The DENSE_RANK function computes the rank of a row in an ordered group of rows. The ranks are consecutive integers beginning with 1. The largest rank value is the number of unique values returned by the query. Rank values are not skipped in the event of ties. Rows with equal values for the ranking criteria receive the same rank. DENSE_RANK函数计算排序后分组中各行的序数。序数为从1开始的连续整数。最大的序数就是查询所所返回唯一值的个数。如果出现并列,序数不跳计。具有相同值的列的序数相同。
The DENSE_RANK function does not skip numbers and will assign the same number to those rows with the same value. Hence, after the resultset is built in the inline view, we can simply select all of the rows with a dense rank of three or less, this gives us everyone who makes the top three salaries by department number. DENSE_RANK函数不跳计序数,并为相同值的列赋予相同的序数。结果集合在当前窗口建立后,通过部门编号选择Dense rank为3 或3之前的行,就可以知道工资在该部门前三位的名字。
Windows窗口
The windowing clause gives us a way to define a sliding or anchored window of data, on which the analytic function will operate, within a group. The default window is an anchored window that simply starts at the first row of a group an continues to the current row.窗口语句用以定义滑动或固定数据窗口。在其上面运行组的分析函数。默认窗口为固定窗口,从第一行开始到当前行。
We can set up windows based on two criteria: RANGES of data values or ROWS offset from the current row.

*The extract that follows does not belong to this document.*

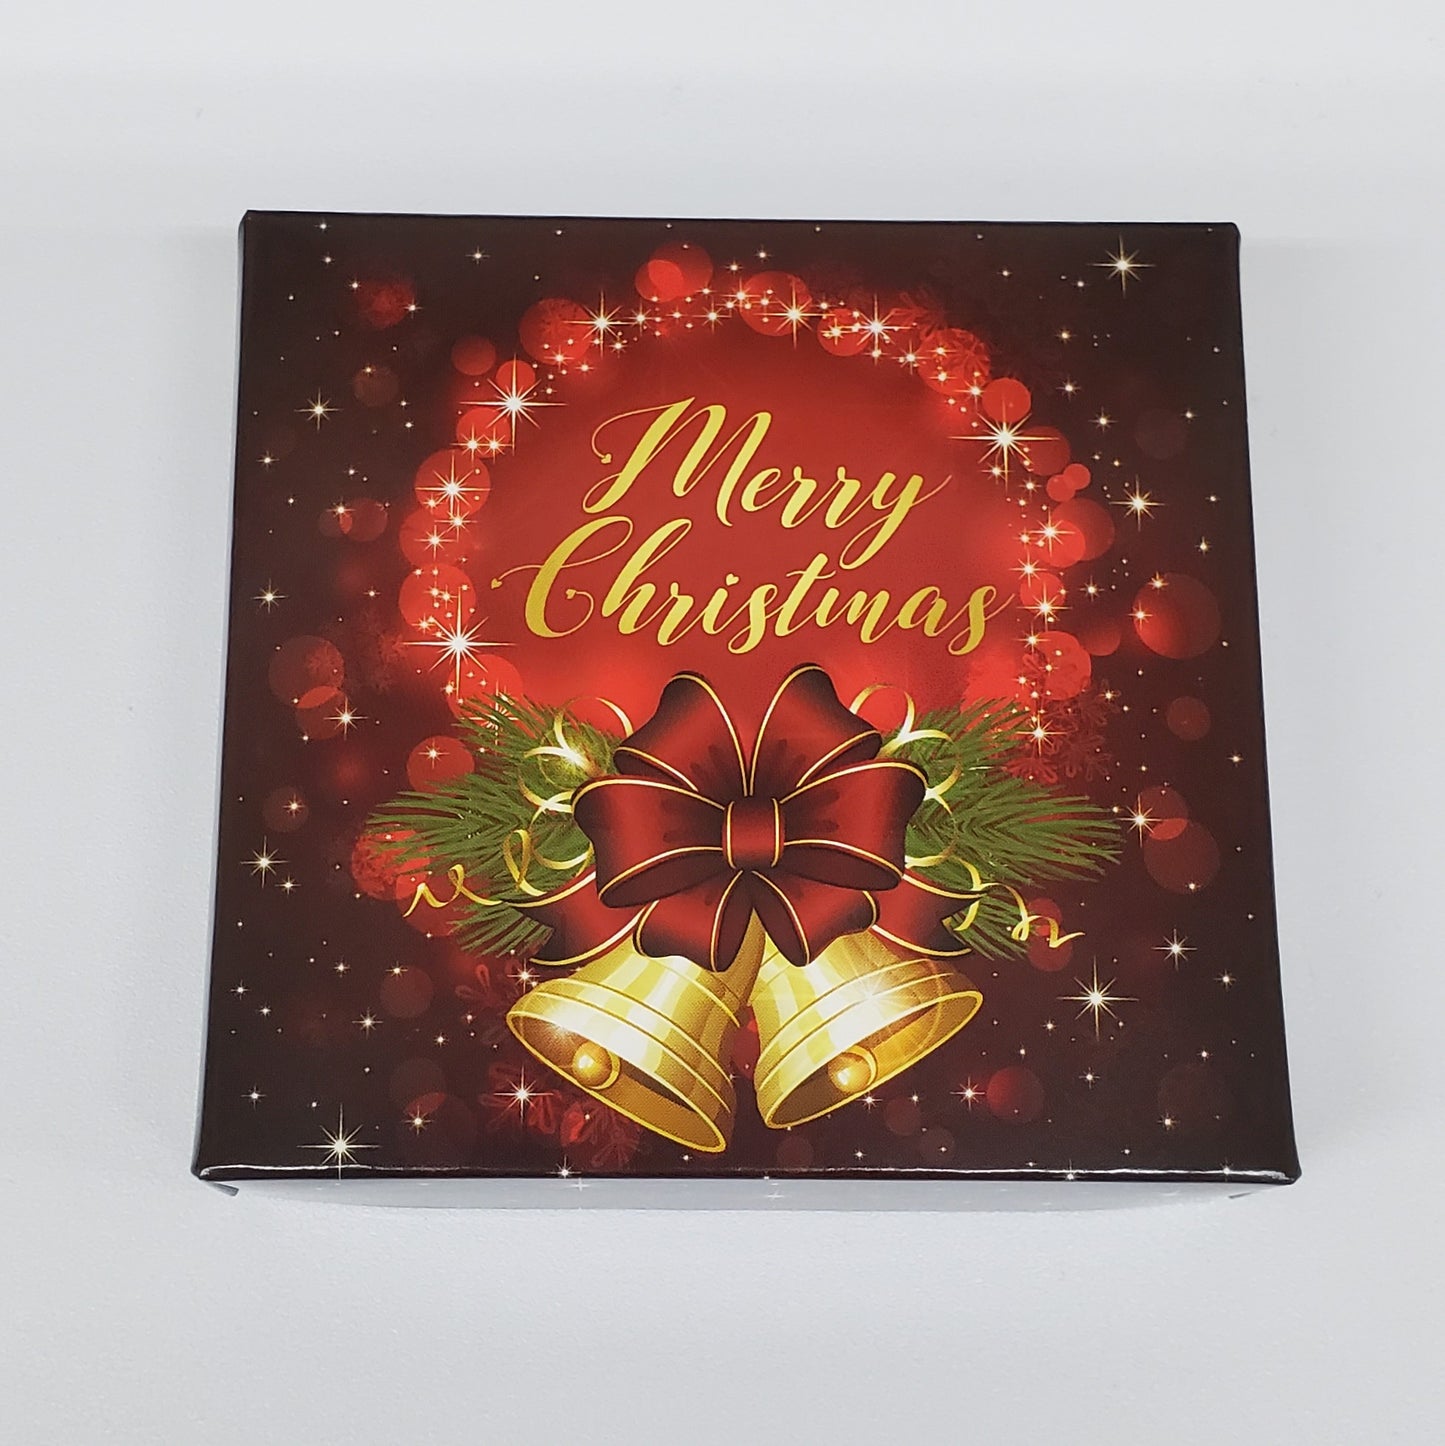 Christmas Bells Themed Box Cover for 9 Piece Holiday Assortment

It can be said, that the existance of an ORDER BY in an analytic function will add a default window clause of RANGE UNBOUNDED PRECEDING. That says to get all rows in our partition that came before us as specified by the ORDER BY clause.可根据两种规则对窗口进行设置:数据值的范围或当前行指定区距的行。分析函数中的ORDER BY会默认添加一条窗口语句:RANGE UNBOUNDED PRECEDING。即按照ORDER BY语句取得划分中的当前之前的所有行。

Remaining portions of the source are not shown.